絮鸾有自己的骄傲,绝对不会用赐婚来绑住自己,她就是知道自己会拒绝才向紫月痕开口,目的就是为了试探自己对她的底线,经过当年在宫宴直接不留情面地拒绝,她就再也没有那样做过。
再者,她已经见过清持了,而自己也明确地表明了态度,就算还没有放手也应该不会太过纠缠!
“你自己心里有数就行!”时翊耸肩没所谓地开口。
另一侧。
白府。
白未檀刚哄完白琦溪睡午觉,回到房间便发现歪坐在椅子上双腿伸直交叠地放在一起的简白,如诗如画般的清冷容颜依旧,目光淡淡地看了对方一眼,“今天怎么有空过来?”
简白勾唇一笑,微抬下巴示意被放在书案上的淡粉色菊花,“喏,看见没?楼姒喜欢菊花。”
白未檀抬眸凉凉地看了对方一眼,连语气都是凉凉地开口,“所以你就跑我府上偷菊花来了?”
简白看着对方笑着开口,“你应该不会这么小气吧?这可是事关你兄弟我的终身大事!”
白未檀懒得理他。
“对了,未檀,水惜音走了!”想起这件事,简白忽然开口。
“那他呢?”这个时候,白未檀最关系的是亦澈有没有一起离开。
简白摇了摇头,缓缓开口,“没有,亦澈估计是要等到风云宴之后离开。”随即有些不解地看着白未檀,坐直了身子认真地问,“未檀,你到底为什么要亦澈一定离开帝京?”
就算了真的伤了言络应该也不至于啊,毕竟人家言络现在啥事儿都没有。
白未檀清冷的眸光对上简白的目光,最后只是略带歉意地摇摇头,“对不起,现在我不能说。”
简白一顿,也没有再说些什么。未檀不想说的事情,没有人可以让他说出口。
不,或许以前有一个人,紫翎墨!
“还有一个消息!”简白忽然站起身,很郑重其事地开口。
白未檀看了他一眼,眸色清淡,似乎并不抱有希望他会说出什么重要的事情。
“水惜音怀孕了!”
雪色的身影微微一愣,不过也在瞬间恢复如常,对此并没有表态。
“你就不该有点儿表情?”对于若无其事的白未檀,简白有些好奇。
白未檀凉凉地看了他一眼,有些嘲弄地开口,“你觉得我应该是什么表情?为亦澈高兴还是替子染感到不值?”
简白讪讪,没有说话。
“水惜音怀孕了亦澈让她一个人离开?”白未檀忽然开口,只是清冷的嗓音有些微微的讥诮。

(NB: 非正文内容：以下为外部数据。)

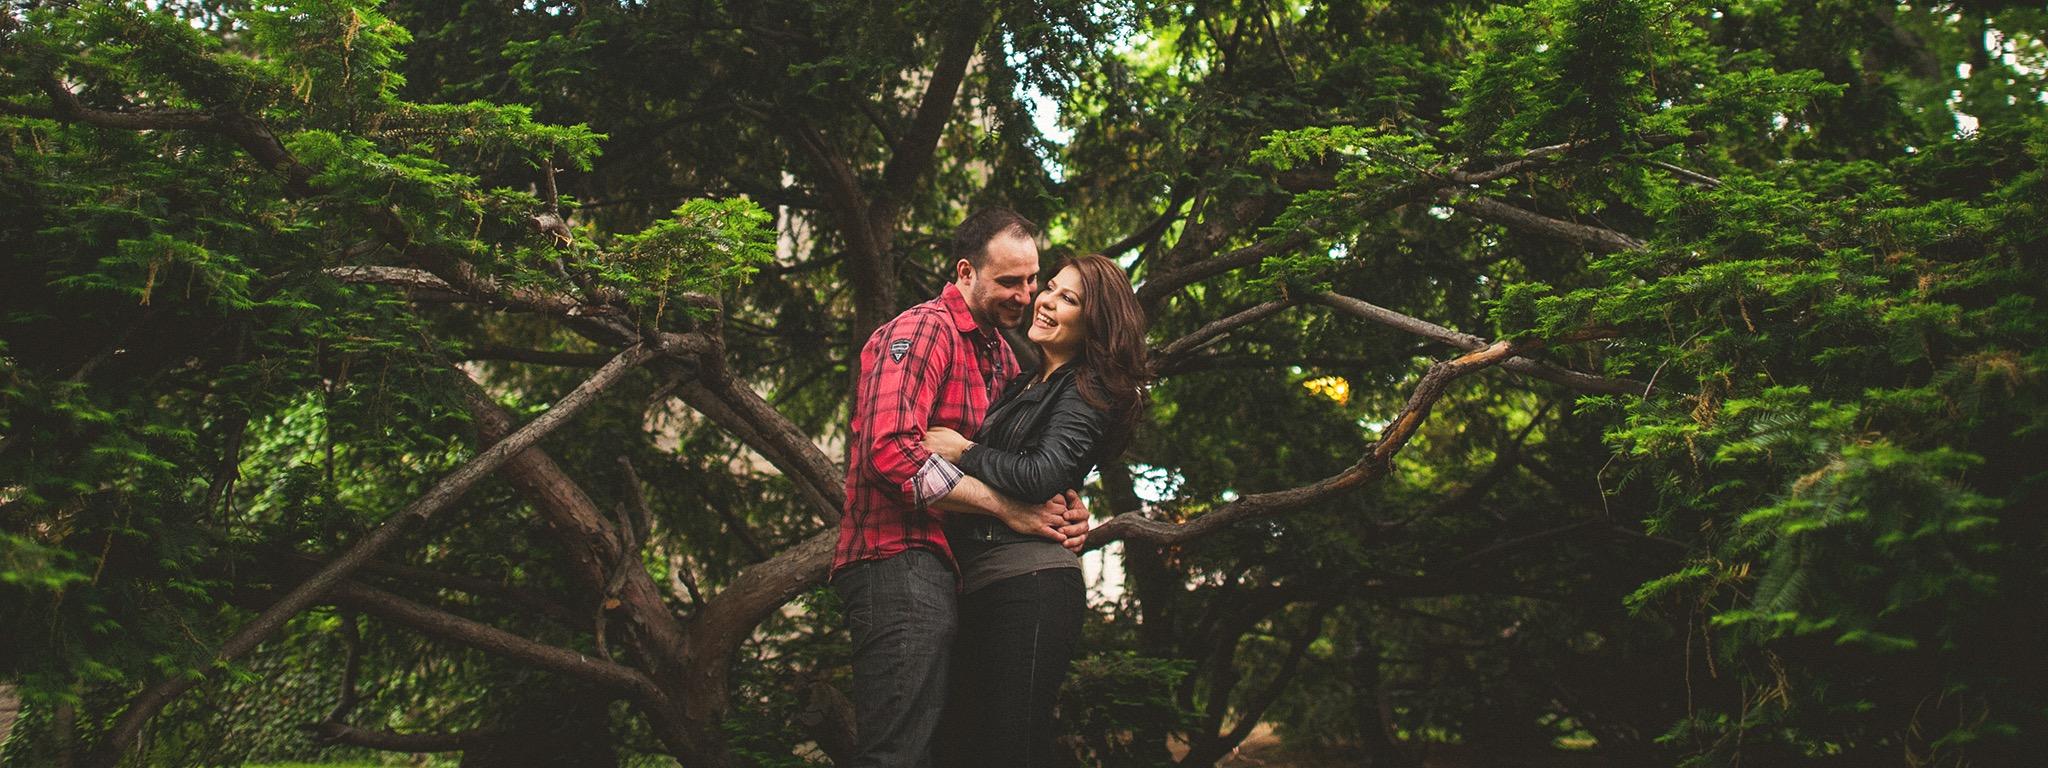 23-couple-in-tree.jpg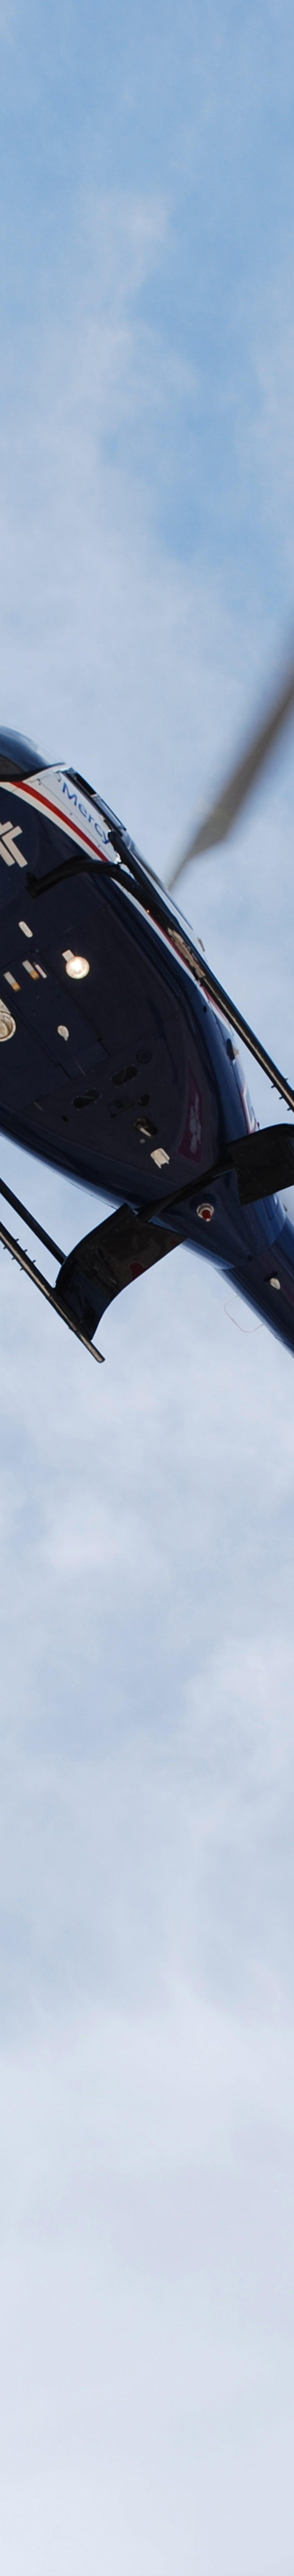 """Spirit of Mercy"" Emergency Medical Helicopter Takes Flight"

“水惜音去青冥居养胎,毕竟怀孕了很多事情不便。”简白缓缓开口。
白未檀没有再说话,只是眸子有些意味不明地看着窗外。
见此,简白也不知道说些什么,看了一眼粉色的菊花,将它从地上小心地拿了起来,“那我就先回去了,下次找你一起喝酒!”
白未檀轻轻颔首。
一个别苑。
楼姒正在房间里面看账本,忽然,面前出现淡粉色的菊花。
“猜猜我是谁?”简白用另外一只手捂住对方的眼睛,故意尖着嗓子问。
“噗嗤!”楼姒轻声一笑,用手将对方的手拿开,没有转头,而是有些无奈地开口,“简白,除了你谁会这么无聊幼稚!”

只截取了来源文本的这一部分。